Edelman, director of the Harvard-MIT Biomedical Engineering Center, moderated the event. He began by explaining that innovation in the world of medicine is not a straight and fast road, despite how good the final product may look. The barriers researchers and physicians encounter every day are huge. For example, the amount of funding the government allocates to innovation every year is negligible. Through extensive research and novel thinking, Edelman’s team has developed a stent-based drug delivery system that has helped decrease cardiovascular disease sixfold over the past 40 years.

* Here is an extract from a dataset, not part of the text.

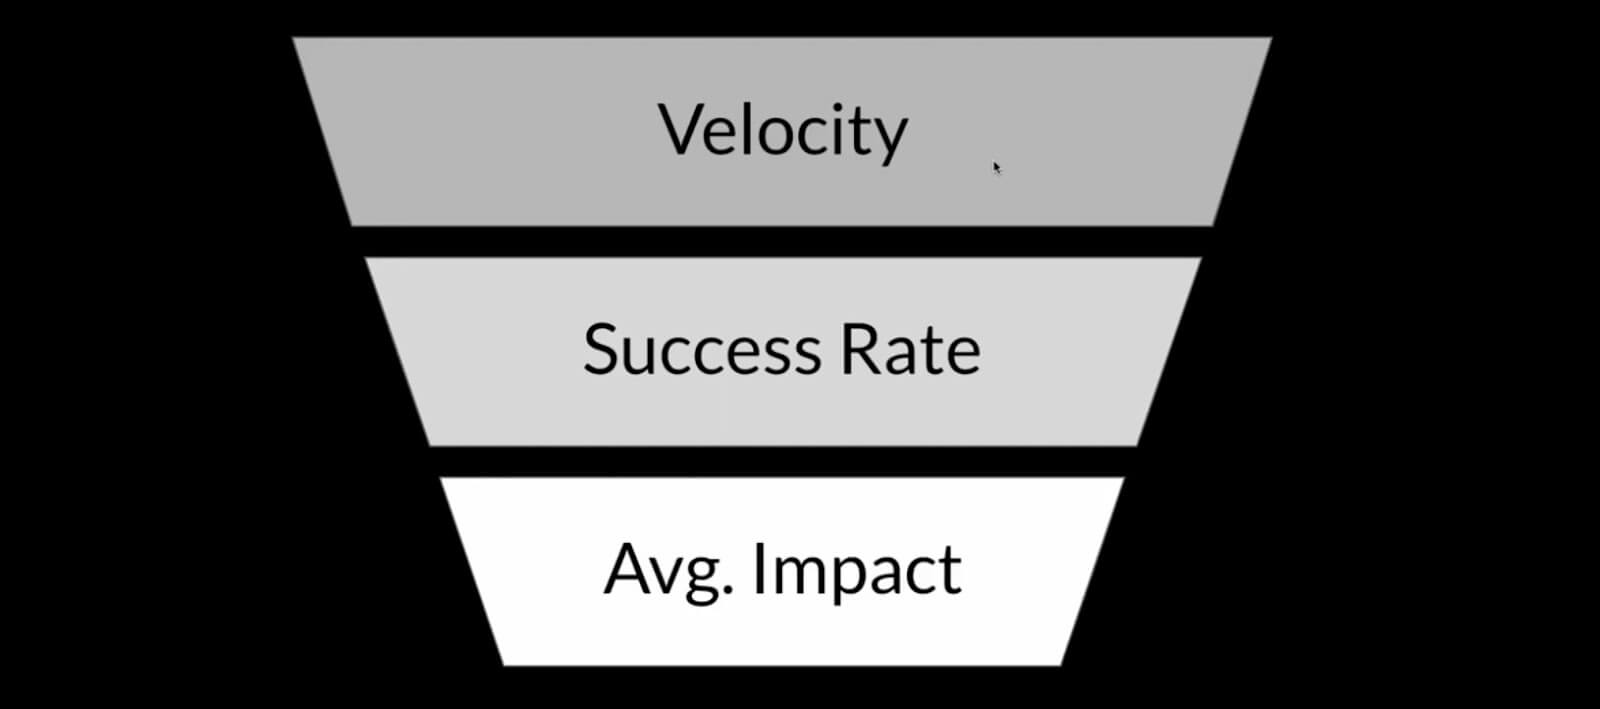 velocity, success rate, avg. impact

Karp shared information about one of his projects, which is seeking to find solutions for clinicians who treat young children with heart conditions. Using a viscous glue that repels water—inspired by the secretion of slugs and snails—Karp and his team developed a patch that can be applied to repair a blood vessel or cardiac tissue. During a pilot study with the patch, it was too small and slipped off; however, his team scraped up remaining glue to seal the wound. It then functioned perfectly, “failing” and yet ultimately leading to success.

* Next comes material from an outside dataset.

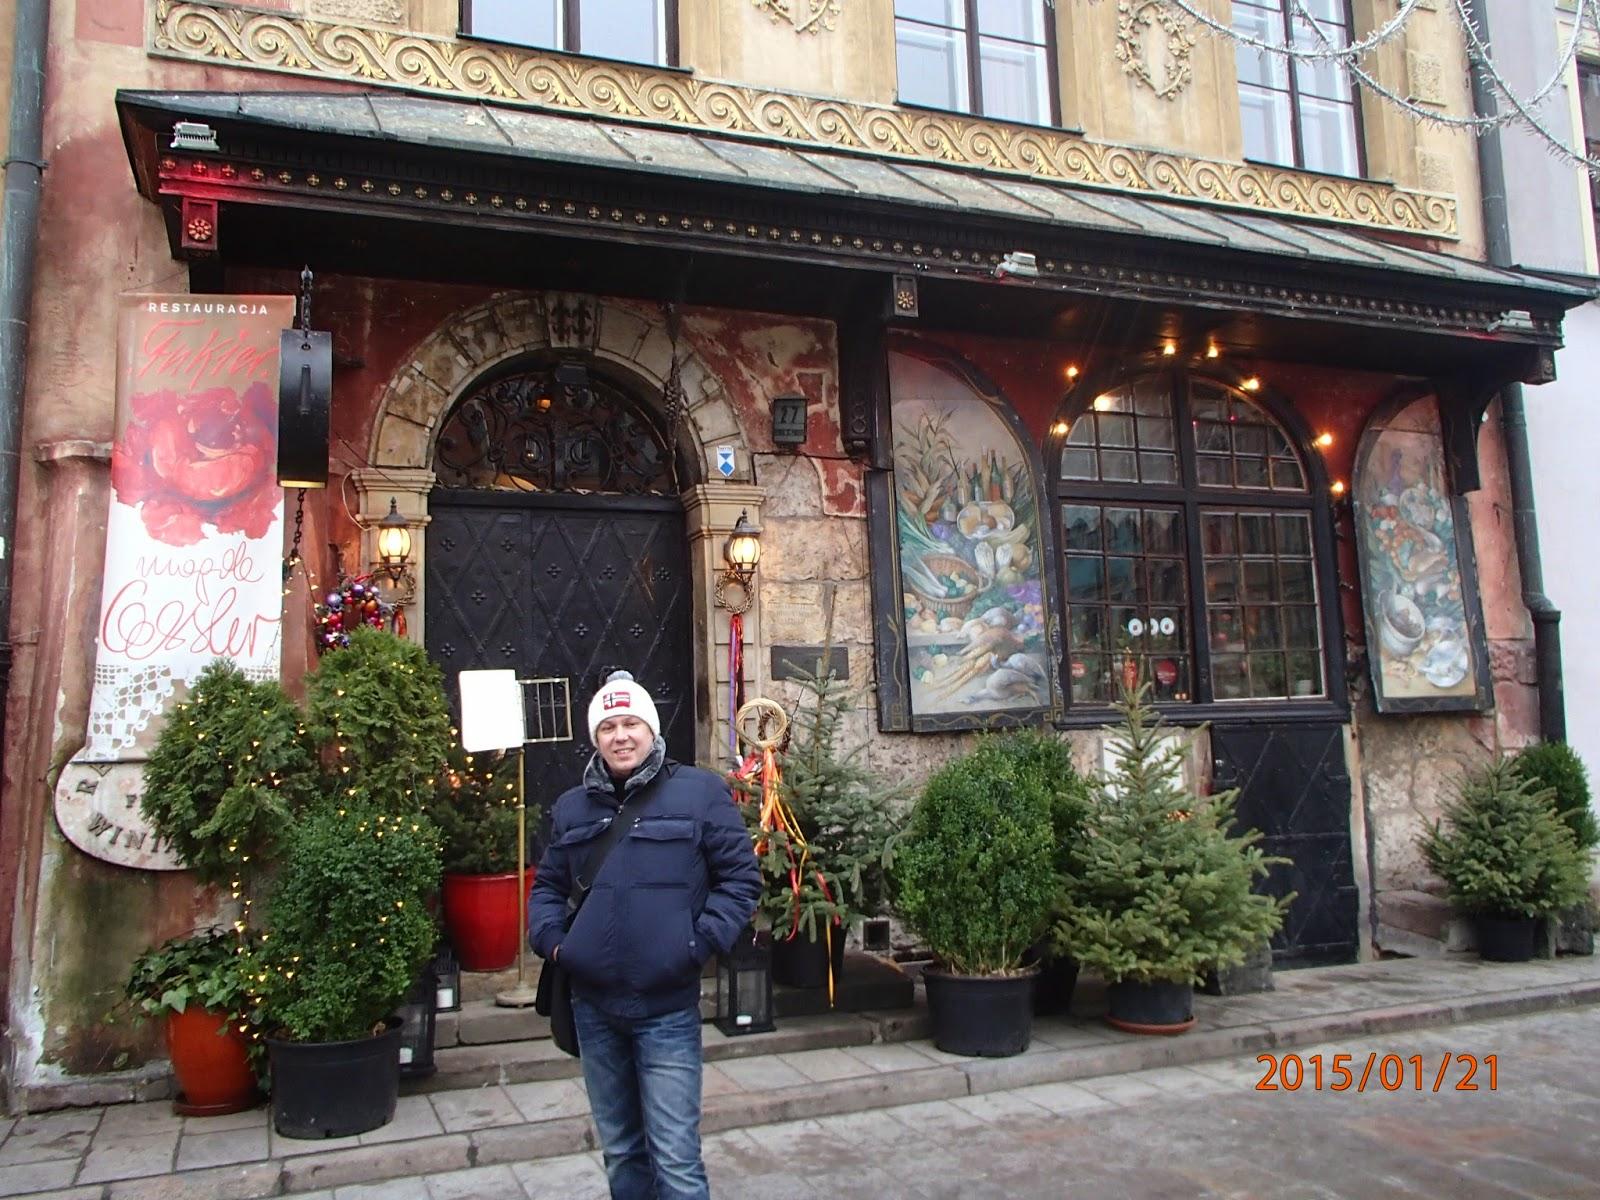 U Fukiera: Kulinarny Świat: U FUKIERA, Magdy Gessler

“As we encounter challenges, we approach them the same way and expect a different outcome,” said Karp. “We have been educated out of being creative, and we must break free from the repetitive process and relaxed state our brains gravitate towards.”

Karp and his team have developed a company called Gecko Biomedical, which is pursuing this technology to simplify surgical procedures, specifically minimally invasive surgery. “This has the potential to replace sutures and staples in many procedures,” he said.

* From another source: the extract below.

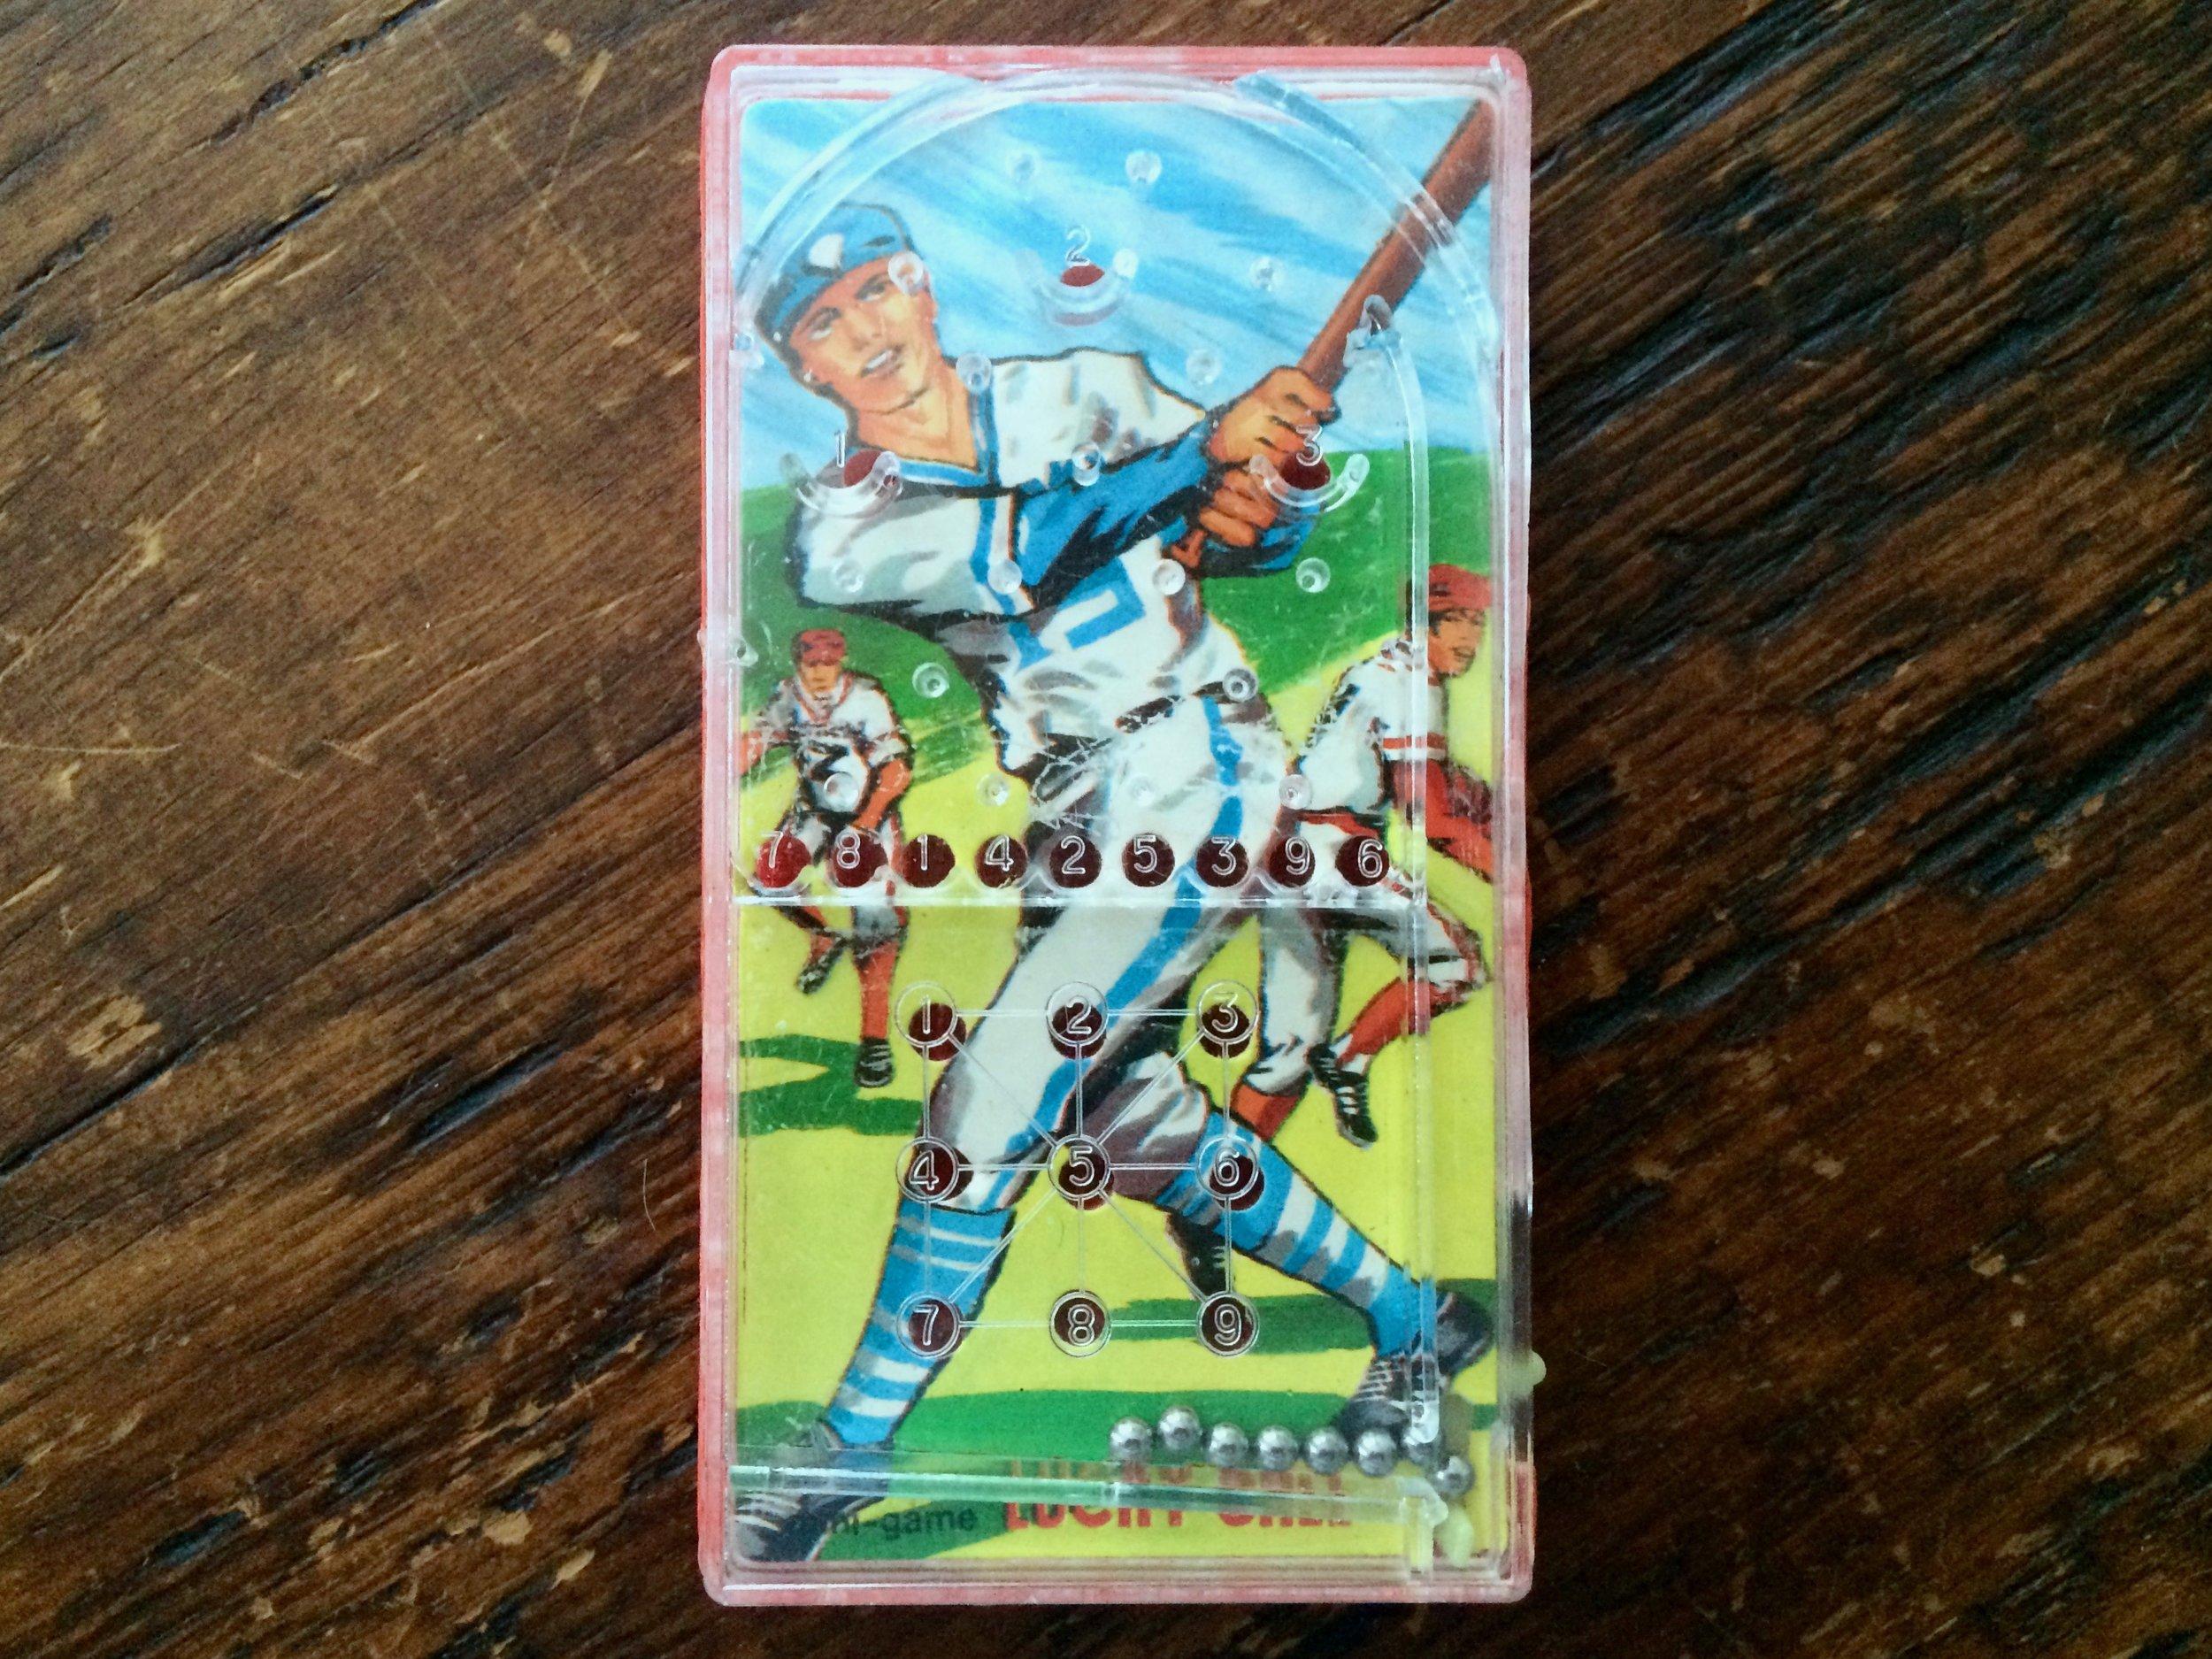 Baseball Mini Pinball Game

Evans, a chemist at MGH’s Wellman Center of Photomedicine, has been trying to solve problems using photomedicine—or the interaction of light and tissues—since he joined the center in 2010. Photomedicine involves the study and application of light to develop innovative medical products or new approaches to providing patient care—such as the virtual biopsies and SMART bandages Evans is working on. The noninvasive virtual biopsy creates a 3-D image using a scanned light beam, while SMART bandages can map oxygen concentrations in skin burns and other wounds. The liquid bandage glows green when the tissue is oxygenated and red when there is less oxygen.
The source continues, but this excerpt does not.